- Maximum Points You Can Obtain from Cards
In this series, I am going to solve Leetcode medium problems live with my friends, which you can see on our youtube channel, Today we will do Problem Leetcode: 1423. Maximum Points You Can Obtain from Cards.
A little bit about me, I have offers from Uber India and Amazon India in the past, and I am currently working for Booking.com in Amsterdam.
Motivation to learn algorithms
Solve Leetcode Problems and Get Offers From Your Dream Companies
Problem Statement
There are several cards arranged in a row, and each card has an associated number of points The points are given in the integer array cardPoints.

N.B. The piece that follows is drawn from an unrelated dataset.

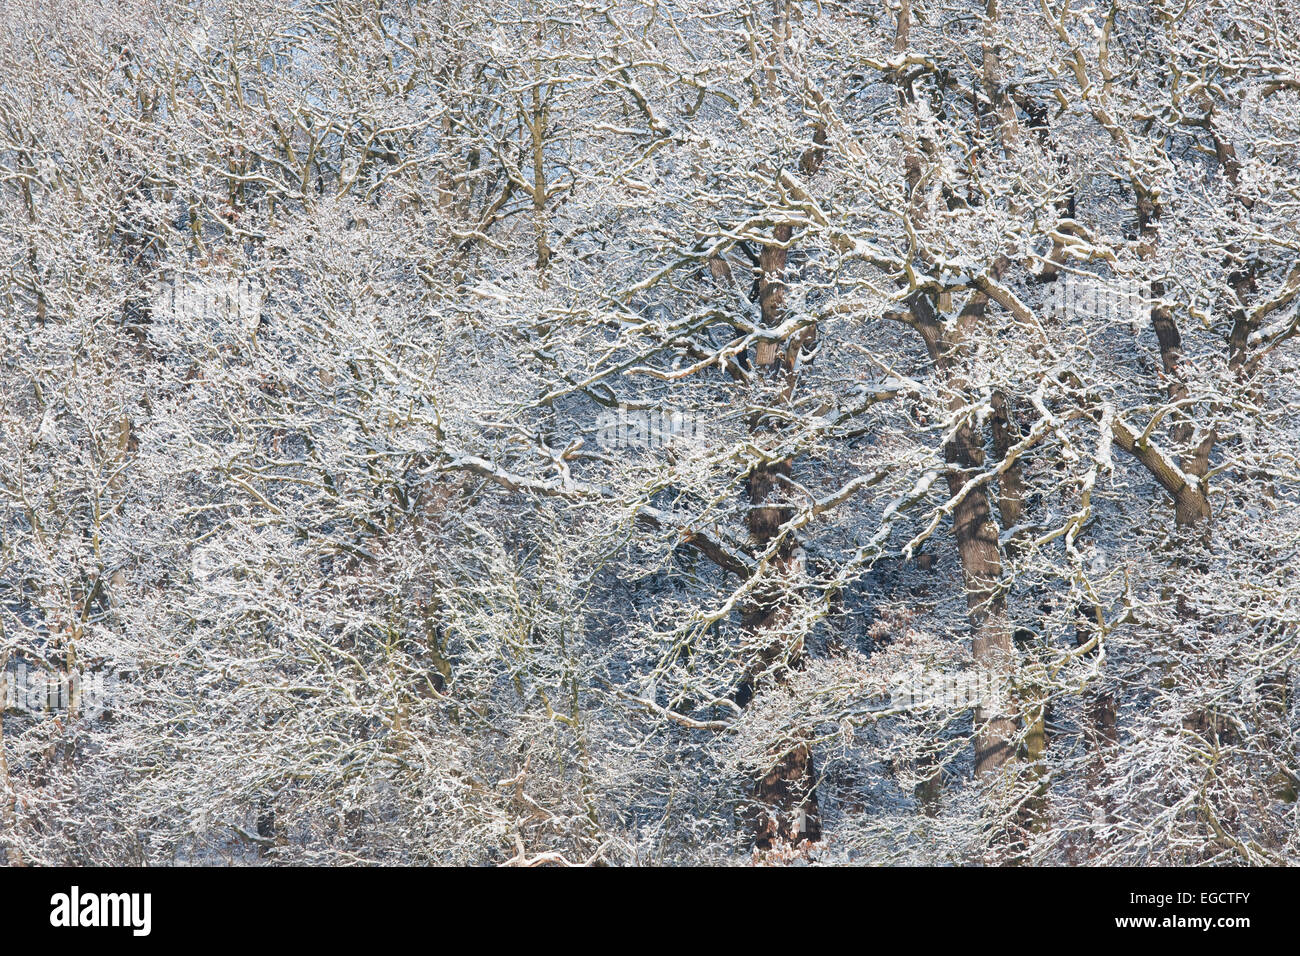 Snow-covered Pedunculate Oaks (Quercus robur), Thuringia, Germany Stock Photo

In one step, you can take one card from the beginning or from the end of the row. You have to take exactly k cards.
Your score is the sum of the points of the cards you have taken.
Given the integer array cardPoints and the integer k, return the maximum score you can obtain.
Example 1:
Input: cardPoints = [1,2,3,4,5,6,1], k = 3
Output: 12
Explanation: After the first step, your score will always be 1. However, choosing the rightmost card first will maximize your total score. The optimal strategy is to take the three cards on the right, giving a final score of 1 + 6 + 5 = 12.
Example 2:
Input: cardPoints = [2,2,2], k = 2
Output: 4
Explanation: Regardless of which two cards you take, your score will always be 4.
Example 3:
Input: cardPoints = [9,7,7,9,7,7,9], k = 7
Output: 55
Explanation: You have to take all the cards. Your score is the sum of points of all cards.
Example 4:
Input: cardPoints = [1,1000,1], k = 1
Output: 1
Explanation: You cannot take the card in the middle. Your best score is 1.
Example 5:
Input: cardPoints = [1,79,80,1,1,1,200,1], k = 3
Output: 202
Youtube Discussion
Solution
We will discuss two approaches, the first one will give TIME LIMIT EXCEEDED and the second one will be accepted.
According to the question, we can choose a card from either the beginning or the end and we need to repeat this step till we get k cards.
Base Cases:
-
If k is less than 1 then no cards can be chosen
- i should be always less than j
- If i equal to j and k=1 , then we have to choose i -th card.
Recursion Step:
So for an array from i to j , with k cards to be drawn,
if we choose the card from the beginning then ar[i]+choose from (i+1) to j
if we choose the card from the end then ar[j]+choose from (i) to (j-1)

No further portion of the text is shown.